When specifically comparing published trends of metabolite differences between omnivores and vegans, the data presented here for NIST stool materials confirmed some reports but differed from others. For example, aspartate was higher in omnivores both in data reported here as well as in a recent multi-omics study [24]. Similarly, glucose and ribose levels were found at higher levels in omnivores than in vegans [25], validated by our data reported here. On the other hand, the same study [25] presented conflicting data with differences between NIST omnivore versus vegan stool. Unlike in the data we report here, in [25] hypoxanthine was found at higher levels in omnivores, not vegans. Conversely, urocanate, valine, leucine and isoleucine were previously reported at higher levels in vegetarians than in omnivores [25], which we could not confirm here.

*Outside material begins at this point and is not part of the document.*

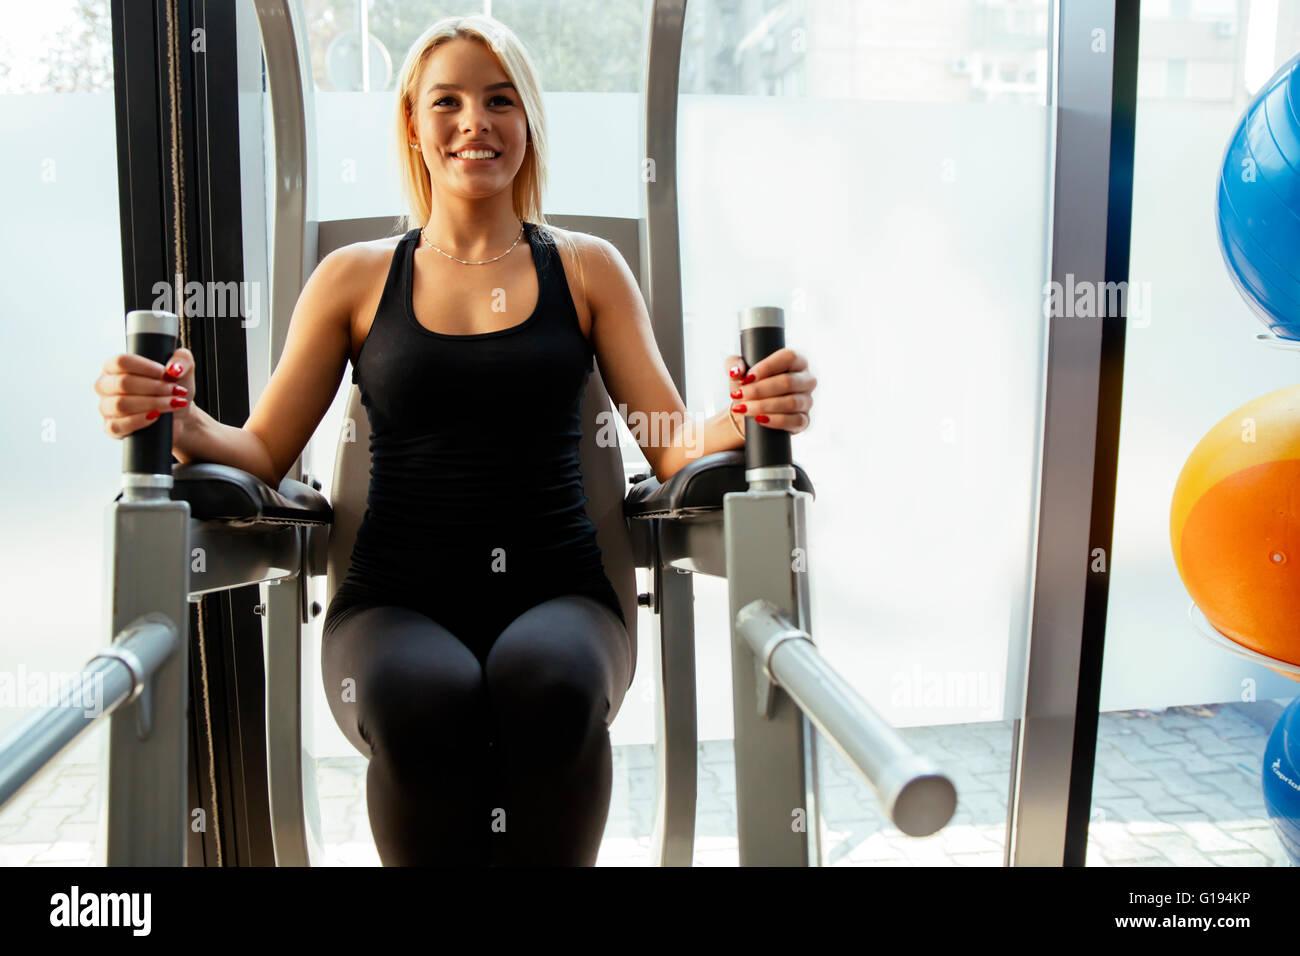 Belle femme en formation sport et garder corps en forme Banque D'Images
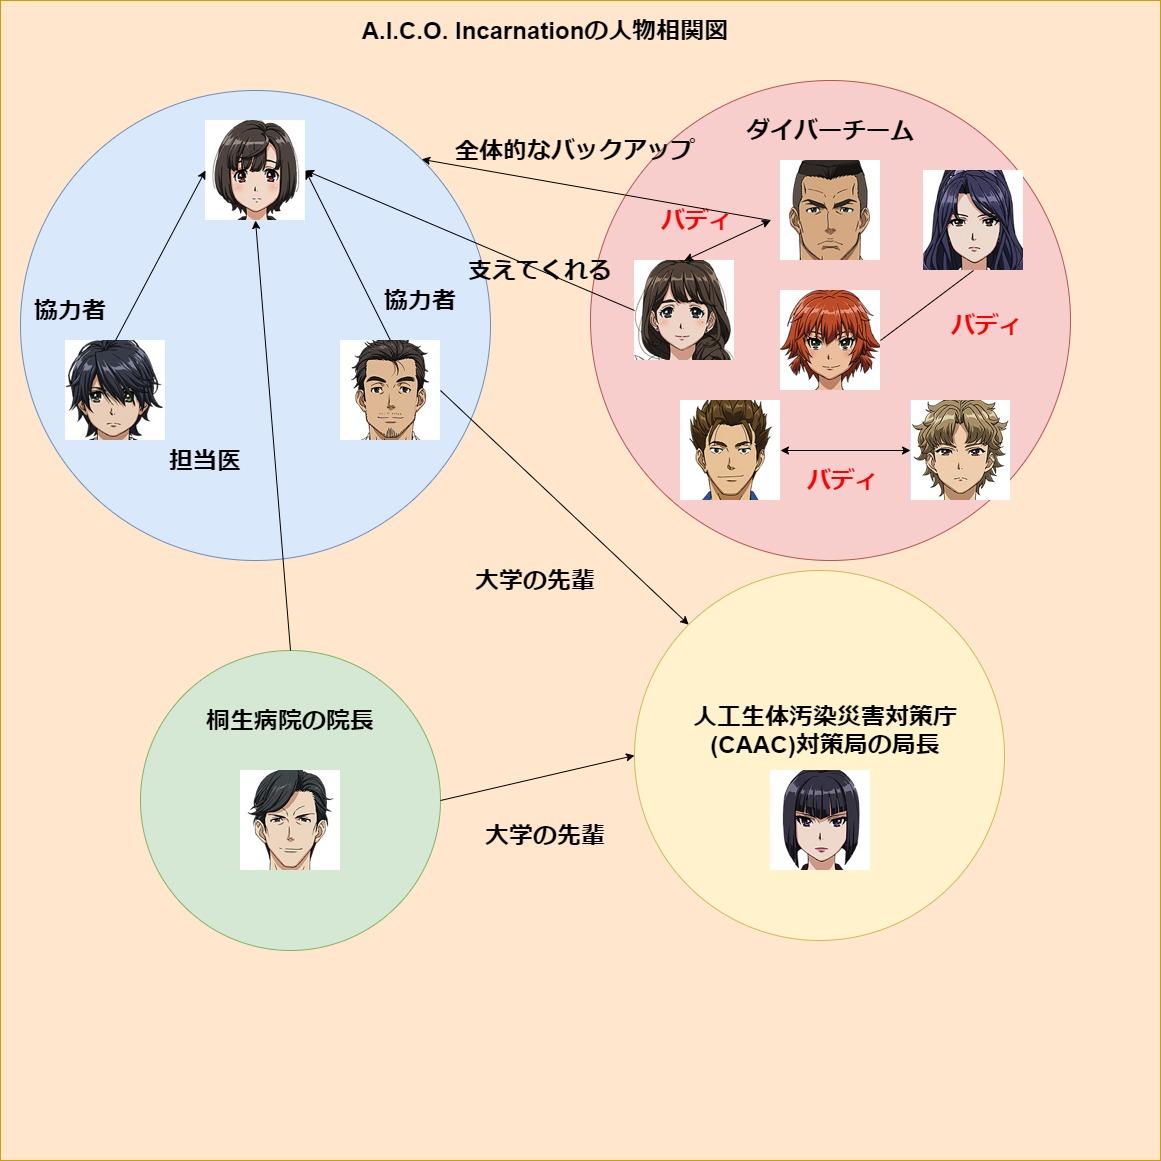 A.I.C.O. Incarnationの人物相関図

We also investigated microbiota-specific lipid structures like the acyl alpha-hydroxyl fatty acids (AAHFA) in their relationship to diet using Spearman-rank correlations (Figure 3A). We revealed three distinct patterns for the AHHFA chemical class of lipids, strongly suggesting that these compounds were produced by different microbial communities [26,27] that we found to be altered by diets. First, some AHHFAs were detected in both diet RGTM samples, such as AHHFA 30:1;O (Figure 3B). This type of compound correlated strongly with other mid-chain AHHFAs with less than 32 acyl-carbons (r_xy > 0.8, Figure 3A), but had a sharp drop in correlation strength for longer-chain AHHFAs. Second, some AHHFAs were found to be much more abundant in omnivore-derived fecal samples such as AAHHFA 32:1;O and AHHFA 34:1;O. The third group of AAHFAs was found in higher levels in vegan-derived fecal samples, including AAHFA 37:0;O, AHHFA 38:0;O, AAHFA 39:0;O, AAHFA 39:1;O, and AAHFA 41:0;O. Spectra and box-plots for each AAHFA are given in Supplementary Figure S7.

4. Conclusions

Reference materials (RMs) are critical for the successful development, validation, comparison, and standardization of clinical metabolomics assays. RMs are also needed as positive controls to monitor assay performance. This work provides a report of metabolome differences in four new human fecal RMs developed by the U.S. National Institute of Standards and Technologies (NIST) for metagenomics and metabolomics measurements. We used four untargeted metabolomics assays (lipidomics, primary metabolites, biogenic amines and polyphenols) and one targeted assay on bile acids. In total, 3563 compounds were annotated by mass spectrometry, including 353 compounds that were annotated in more than one assay. While many compounds were impacted by the sample pretreatment (lyophilized or aqueous), the overall magnitude of metabolic differences was larger when comparing fecal samples between dietary habits of subjects who donated fecal matter to the RGTM pools. In the fecal materials of vegans and omnivores, distinct regulation patterns were observed for bioactive molecules such as acyl alpha-hydroxy-fatty acids (AAHFA). This emphasizes the significance of using diet-specific reference materials in studies focused on dietary biomarkers.